▶ _About this exercise_: Entries follow. Return each line that contains the word "service".

▶ _Given data_:
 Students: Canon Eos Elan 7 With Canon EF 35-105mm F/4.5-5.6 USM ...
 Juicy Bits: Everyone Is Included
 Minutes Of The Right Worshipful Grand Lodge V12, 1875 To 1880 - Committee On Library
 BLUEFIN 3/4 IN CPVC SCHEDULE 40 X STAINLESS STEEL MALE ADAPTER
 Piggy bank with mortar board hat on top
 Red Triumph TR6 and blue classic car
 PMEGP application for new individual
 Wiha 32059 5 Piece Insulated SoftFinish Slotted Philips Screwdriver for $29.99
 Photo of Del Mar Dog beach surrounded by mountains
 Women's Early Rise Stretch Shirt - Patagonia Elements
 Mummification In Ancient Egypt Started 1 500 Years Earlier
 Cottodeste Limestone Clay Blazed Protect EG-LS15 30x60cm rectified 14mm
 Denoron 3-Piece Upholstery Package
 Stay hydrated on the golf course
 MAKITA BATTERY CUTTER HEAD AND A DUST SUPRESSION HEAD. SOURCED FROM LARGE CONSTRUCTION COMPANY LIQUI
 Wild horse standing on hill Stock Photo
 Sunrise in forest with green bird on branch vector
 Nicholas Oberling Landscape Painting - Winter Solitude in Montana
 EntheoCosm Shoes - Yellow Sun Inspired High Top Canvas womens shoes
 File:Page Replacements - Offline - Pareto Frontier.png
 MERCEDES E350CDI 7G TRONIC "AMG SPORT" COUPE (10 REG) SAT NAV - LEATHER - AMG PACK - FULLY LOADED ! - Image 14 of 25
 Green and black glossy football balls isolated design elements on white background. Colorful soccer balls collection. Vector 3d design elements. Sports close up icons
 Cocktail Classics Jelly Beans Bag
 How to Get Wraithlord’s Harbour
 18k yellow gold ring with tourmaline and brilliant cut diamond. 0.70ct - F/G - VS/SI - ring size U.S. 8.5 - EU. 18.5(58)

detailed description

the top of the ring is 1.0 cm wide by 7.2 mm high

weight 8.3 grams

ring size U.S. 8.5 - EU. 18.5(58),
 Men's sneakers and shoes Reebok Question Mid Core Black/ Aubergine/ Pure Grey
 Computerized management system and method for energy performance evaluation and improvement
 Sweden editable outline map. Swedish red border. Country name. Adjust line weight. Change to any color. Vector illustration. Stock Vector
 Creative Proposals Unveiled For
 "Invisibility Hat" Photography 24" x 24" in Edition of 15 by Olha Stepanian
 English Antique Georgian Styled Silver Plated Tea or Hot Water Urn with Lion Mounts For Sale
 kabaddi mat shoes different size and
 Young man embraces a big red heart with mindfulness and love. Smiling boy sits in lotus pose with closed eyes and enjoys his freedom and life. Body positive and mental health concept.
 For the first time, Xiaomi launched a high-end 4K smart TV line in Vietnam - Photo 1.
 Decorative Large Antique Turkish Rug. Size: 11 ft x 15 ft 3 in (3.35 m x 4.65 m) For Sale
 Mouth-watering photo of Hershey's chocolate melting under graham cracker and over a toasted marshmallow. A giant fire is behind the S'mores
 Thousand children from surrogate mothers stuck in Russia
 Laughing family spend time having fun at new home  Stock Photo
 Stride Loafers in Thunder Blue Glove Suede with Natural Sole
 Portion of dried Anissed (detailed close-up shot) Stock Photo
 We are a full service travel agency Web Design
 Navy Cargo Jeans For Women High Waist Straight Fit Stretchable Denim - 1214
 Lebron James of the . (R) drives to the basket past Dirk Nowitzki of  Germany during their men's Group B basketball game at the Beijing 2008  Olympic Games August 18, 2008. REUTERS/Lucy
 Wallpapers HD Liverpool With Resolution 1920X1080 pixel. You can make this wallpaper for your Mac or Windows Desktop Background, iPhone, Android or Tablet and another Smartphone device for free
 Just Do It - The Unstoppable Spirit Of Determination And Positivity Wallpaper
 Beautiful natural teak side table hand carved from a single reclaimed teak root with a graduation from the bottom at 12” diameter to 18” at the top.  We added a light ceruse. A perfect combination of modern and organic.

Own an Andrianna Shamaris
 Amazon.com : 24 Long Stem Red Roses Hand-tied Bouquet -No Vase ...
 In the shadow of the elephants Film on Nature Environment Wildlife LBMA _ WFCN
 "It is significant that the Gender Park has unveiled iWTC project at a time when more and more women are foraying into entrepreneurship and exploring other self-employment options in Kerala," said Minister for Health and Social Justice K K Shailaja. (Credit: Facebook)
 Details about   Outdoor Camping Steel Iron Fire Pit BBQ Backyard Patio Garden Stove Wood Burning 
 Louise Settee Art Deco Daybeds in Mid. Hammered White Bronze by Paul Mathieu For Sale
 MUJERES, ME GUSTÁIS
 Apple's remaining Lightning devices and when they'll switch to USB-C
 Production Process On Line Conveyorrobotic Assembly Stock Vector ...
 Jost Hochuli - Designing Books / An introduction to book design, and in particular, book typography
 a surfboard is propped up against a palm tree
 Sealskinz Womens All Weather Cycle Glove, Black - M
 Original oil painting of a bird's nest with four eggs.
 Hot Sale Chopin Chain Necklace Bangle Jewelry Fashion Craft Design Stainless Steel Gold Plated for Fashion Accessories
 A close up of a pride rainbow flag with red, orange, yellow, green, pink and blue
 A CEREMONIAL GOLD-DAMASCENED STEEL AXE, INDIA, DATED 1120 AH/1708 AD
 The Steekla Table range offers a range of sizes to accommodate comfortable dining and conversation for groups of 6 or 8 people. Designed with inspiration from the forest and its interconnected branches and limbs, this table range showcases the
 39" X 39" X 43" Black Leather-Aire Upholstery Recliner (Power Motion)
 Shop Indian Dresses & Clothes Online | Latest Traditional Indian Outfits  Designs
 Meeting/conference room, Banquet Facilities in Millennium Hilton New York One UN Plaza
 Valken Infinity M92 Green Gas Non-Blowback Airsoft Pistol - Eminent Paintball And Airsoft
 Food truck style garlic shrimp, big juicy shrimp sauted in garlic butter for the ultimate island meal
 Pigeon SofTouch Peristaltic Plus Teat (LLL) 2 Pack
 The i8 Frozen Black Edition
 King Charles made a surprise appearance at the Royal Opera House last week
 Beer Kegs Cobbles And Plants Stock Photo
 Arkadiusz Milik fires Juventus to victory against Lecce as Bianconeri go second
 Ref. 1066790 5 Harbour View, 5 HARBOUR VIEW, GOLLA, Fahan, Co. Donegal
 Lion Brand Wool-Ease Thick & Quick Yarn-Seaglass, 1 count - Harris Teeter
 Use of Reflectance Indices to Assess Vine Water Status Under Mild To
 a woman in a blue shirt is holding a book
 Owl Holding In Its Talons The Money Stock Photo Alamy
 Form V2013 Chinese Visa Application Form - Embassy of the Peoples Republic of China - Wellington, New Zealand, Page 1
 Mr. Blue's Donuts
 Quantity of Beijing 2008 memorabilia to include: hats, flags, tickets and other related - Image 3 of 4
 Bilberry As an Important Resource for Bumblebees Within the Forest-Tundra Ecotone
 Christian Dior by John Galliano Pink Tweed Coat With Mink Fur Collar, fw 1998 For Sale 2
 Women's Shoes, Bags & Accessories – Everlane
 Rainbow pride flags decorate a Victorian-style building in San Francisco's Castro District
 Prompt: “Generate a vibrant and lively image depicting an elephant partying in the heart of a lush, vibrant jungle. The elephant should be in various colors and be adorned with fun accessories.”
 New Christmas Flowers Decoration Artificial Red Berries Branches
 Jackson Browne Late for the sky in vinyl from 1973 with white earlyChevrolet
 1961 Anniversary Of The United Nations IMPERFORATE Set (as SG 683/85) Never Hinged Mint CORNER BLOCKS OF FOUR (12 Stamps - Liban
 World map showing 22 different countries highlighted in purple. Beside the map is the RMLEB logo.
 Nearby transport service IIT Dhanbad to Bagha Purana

▶ _Exercise output_:
 We are a full service travel agency Web Design
 Nearby transport service IIT Dhanbad to Bagha Purana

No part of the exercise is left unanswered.